Do you typically announce new podcast episodes across Facebook, Twitter, your newsletter, and, well, everywhere? You should do the same with this episode, making it easier for listeners to go ahead and sign up for the membership you’re previewing. If you typically publish a post on your website for new episodes, make sure to include a link to your membership page.

Release a preview of your bonus show to your regular feed (Acquired)

Acquired released an episode on the regular podcast feed entitled “LP Show Preview: Chetan Puttagunta, General Partner at Benchmark”, which contained a nine-minute preview of an exclusive episode for members only.

They also announced this episode on Twitter, linking to their website, which contains a clear call-to-action for their membership.

Keep learning: Experiment with your offering

In chapter one you identified your listener goal(s) and brainstormed one or more offerings that further them. And in chapter three, you launched. By the way, have you stopped to celebrate yet? Launching your membership is no small feat, and you should be proud :)

But, as with any start-up business, totally nailing the the offering on your first try is almost impossible. 

(Did you know Starbucks used to sell coffee beans, not coffee? Good thing they experimented with their offering ☕)
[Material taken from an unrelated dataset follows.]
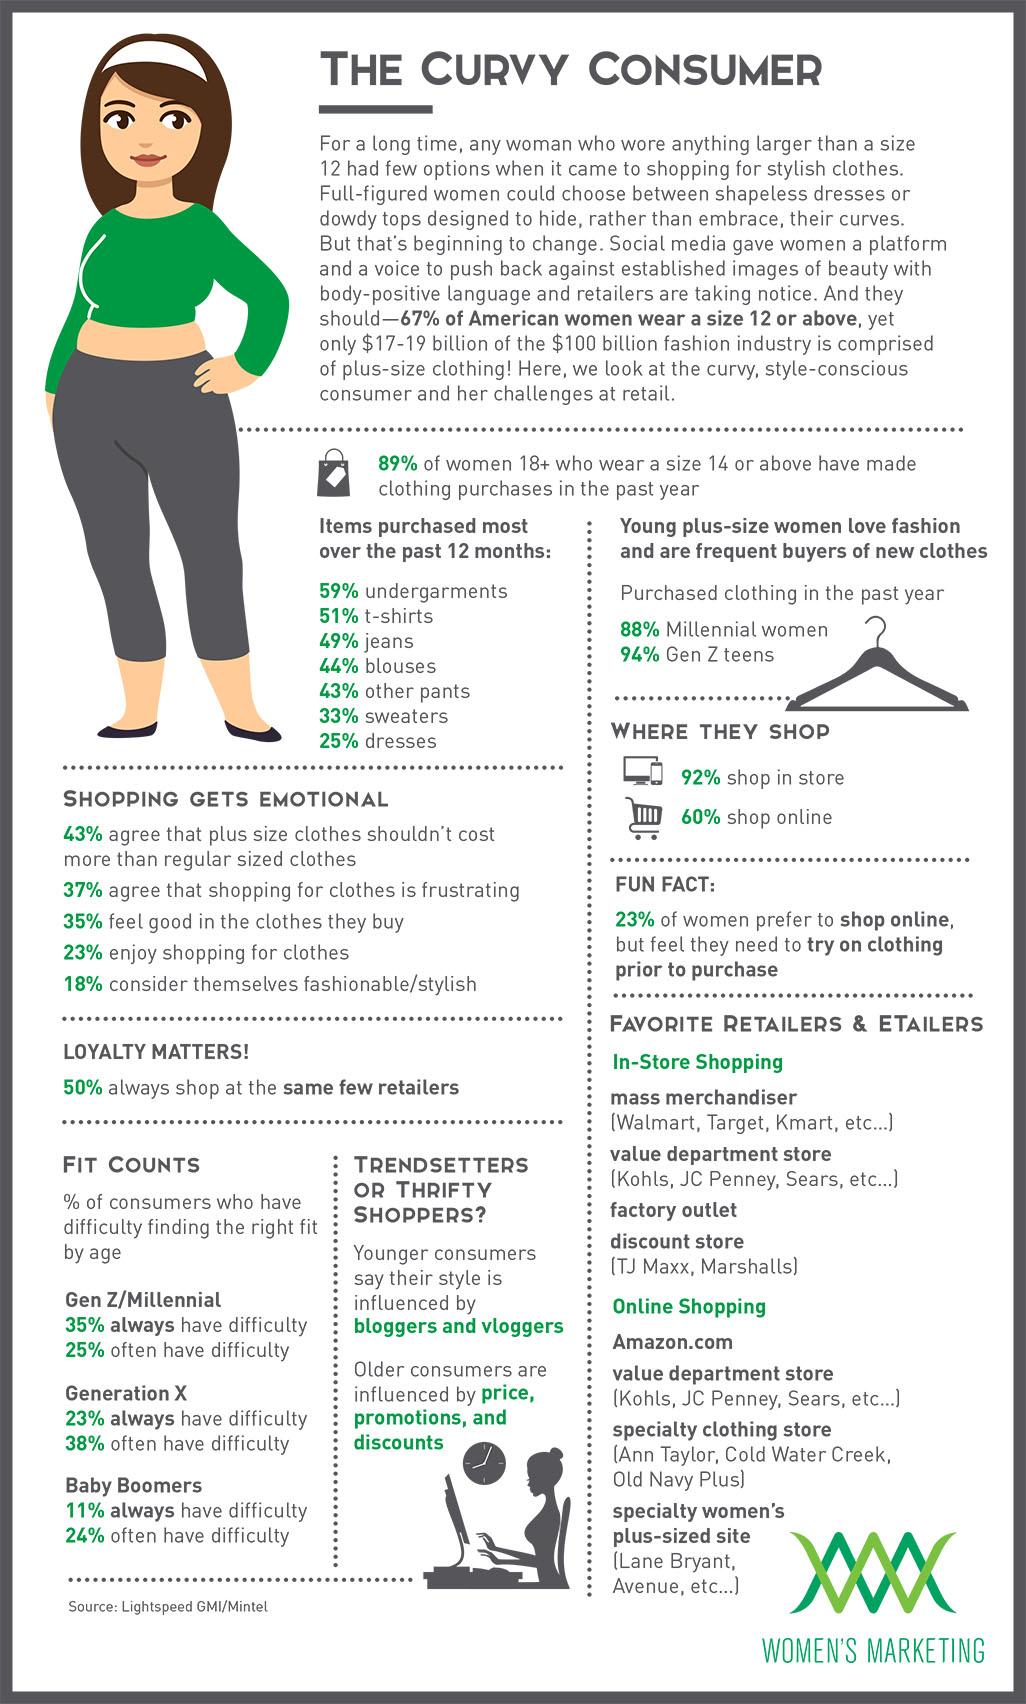 TheCurvyConsumer_Infographic.jpg

Just like Howard Shultz and did at Starbucks way back in 1983, you should be experimenting with new offerings to pinpoint the content that best furthers your listener goals.

We call this finding content-market fit, and here’s how to do it:

Finding Content-Market Fit in Six Steps

Step 1: Go back to your membership strategy and reference your offering brainstorm. Find one that didn’t make the cut that you think would be a good candidate to test out.
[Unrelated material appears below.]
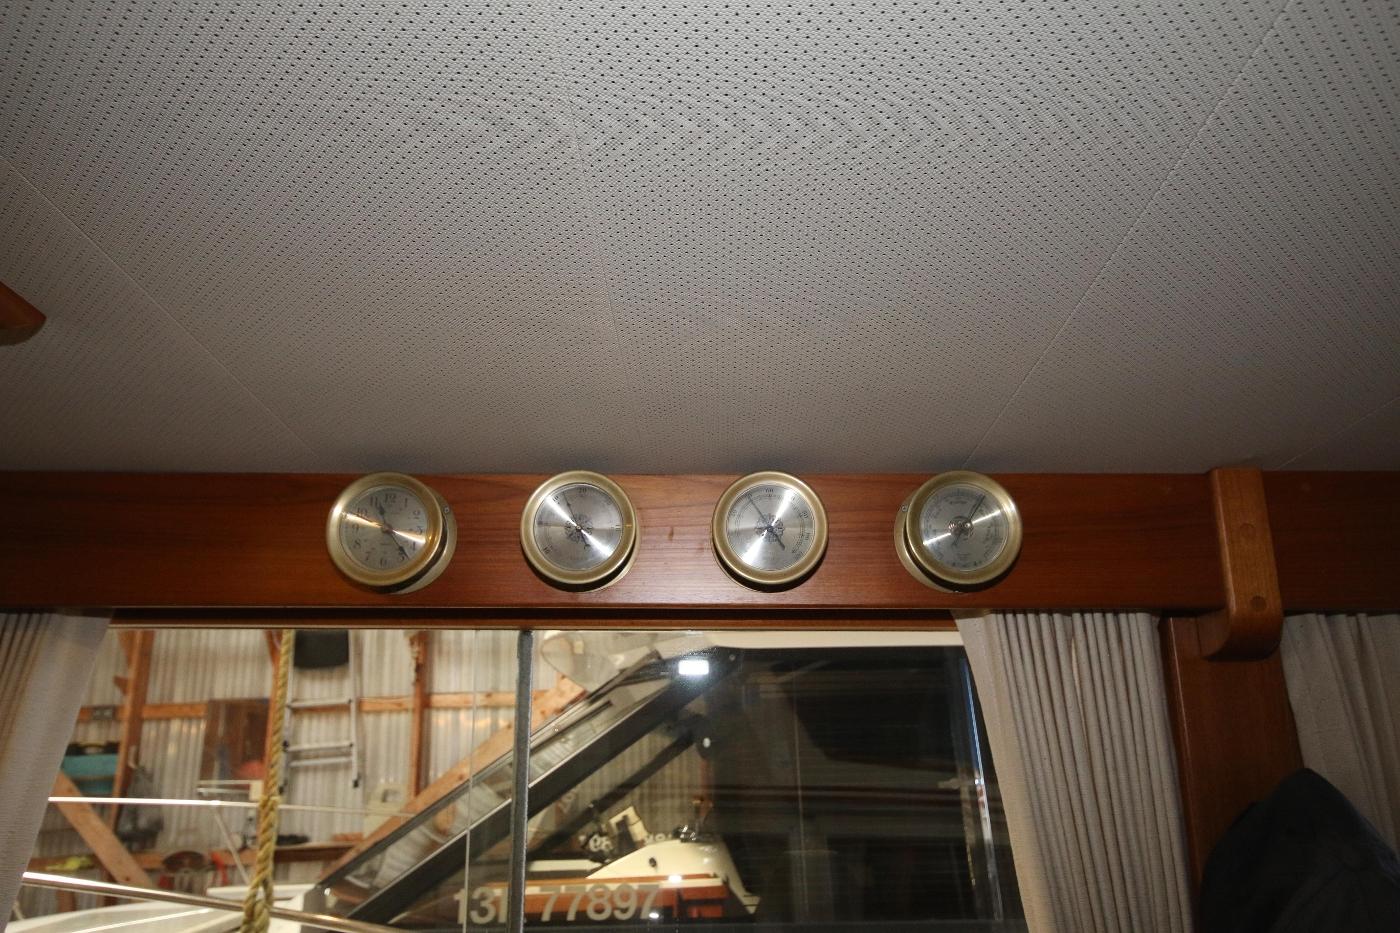 1988 Grand Banks 32, Clock, Barometer, Thermo & Hygro

Step 2: Plan a short-run version of that offering. Keep in mind that testing something new doesn’t mean blowing up your membership benefits every two months. You should be trying new things incrementally, so that you can gauge the response without disrupting your regular membership benefits. For example, you might have considered offering a monthly group call or webinar to dive deep into a topic covered on your podcast. This is your chance to trial this idea by perhaps offering just one group coaching call in the coming month.
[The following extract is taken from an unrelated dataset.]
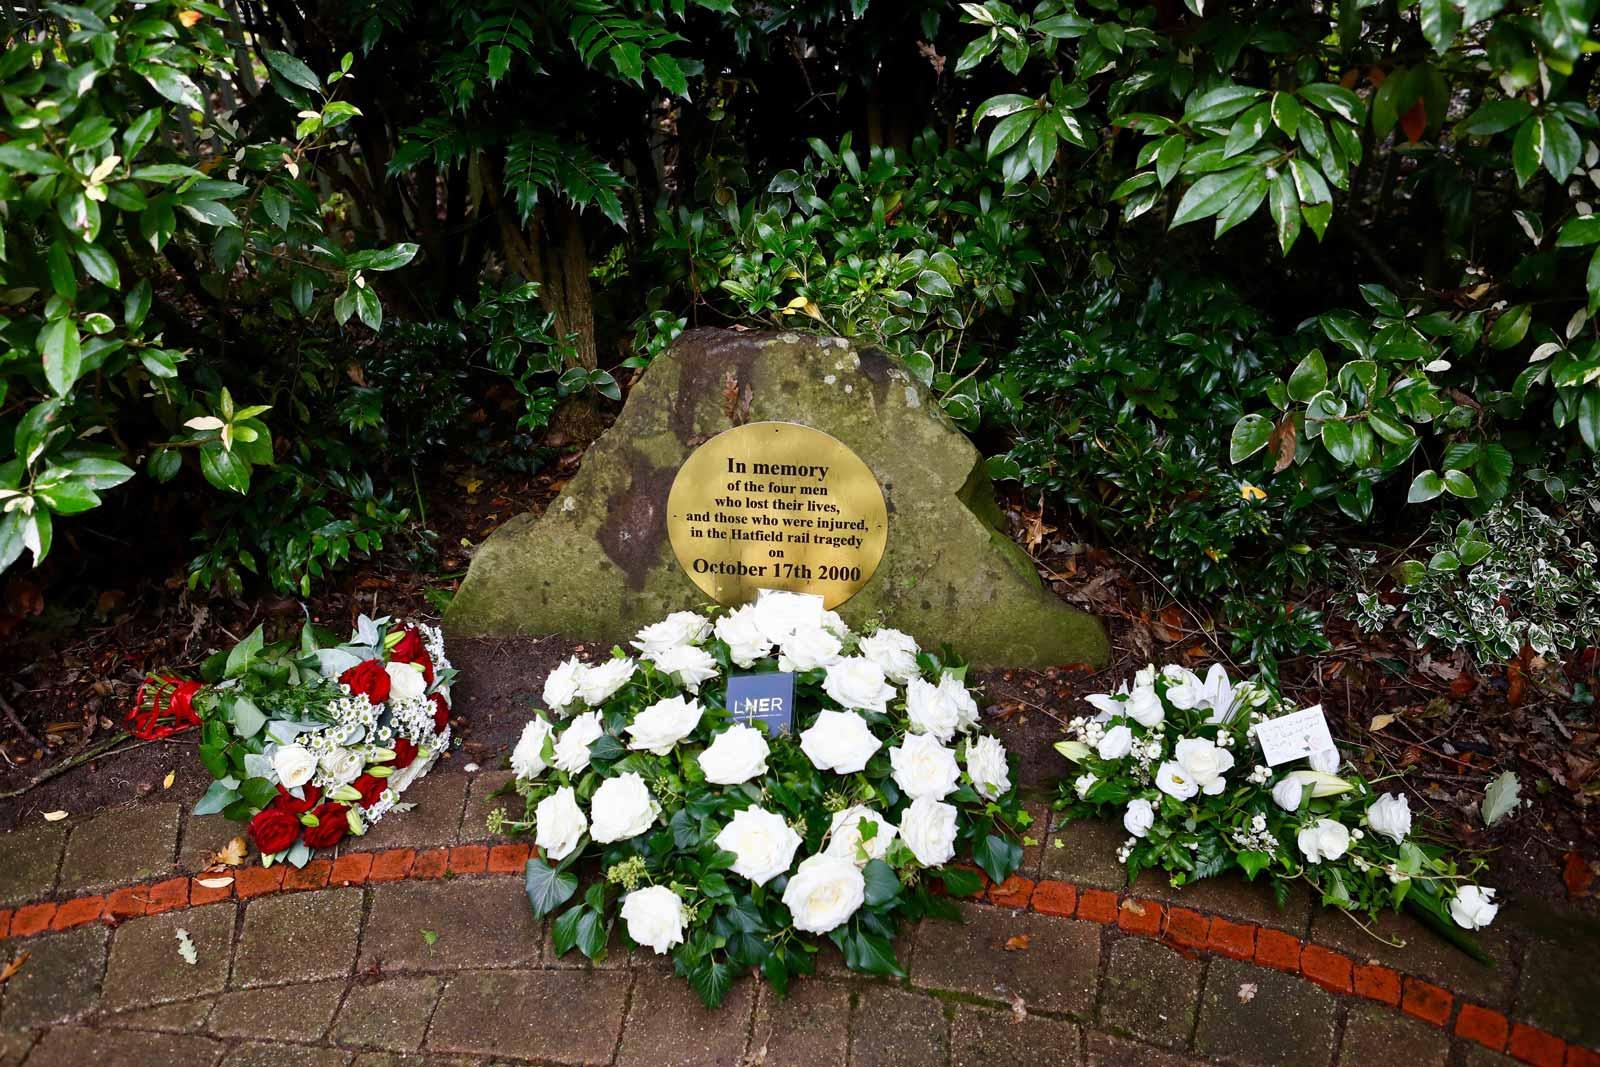 The Hatfield rail tragedy 21st anniversary memorial

Step 3: Crack open your marketing playbook and announce your new offering. You can even present it as a test or one-off bonus content so to not disrupt your membership while setting the expectation that you might only do it once.

Sample script:

As you know here at {podcast name} we have a membership program called {program name} where you can get: {membership benefits}. But, just for this week, we’re trying something completely new. It might be the biggest thing since sliced bread, it might be, well, just alright. We’ll let you decide. This week, in addition to {regular benefits} you’ll get {new offering}. We want to make {membership name} as amazing as possible, so we can’t wait to hear what you think. Signing up is super easy. Just follow the link in the episode notes to {glow url}.

Step 4: Wait two weeks

Step 5: See number of new members. Compare to the past four or five two-week periods. Is there a significant increase in members that you can reasonably attribute to your experiment?

Step 6: Did you drive more members in that two-week span than most others? Consider adding that offering to your membership on an ongoing basis. Also, consider bundling this new offering on top of the current one.

When should I swap out my benefits completely? If you’re in the early stage of your membership and haven’t seen much traction, it might make sense to totally swap one offering for another. If your membership is up and running and you have lots of members that value your content, totally swapping offerings runs the risk of losing members and trust with your biggest fans.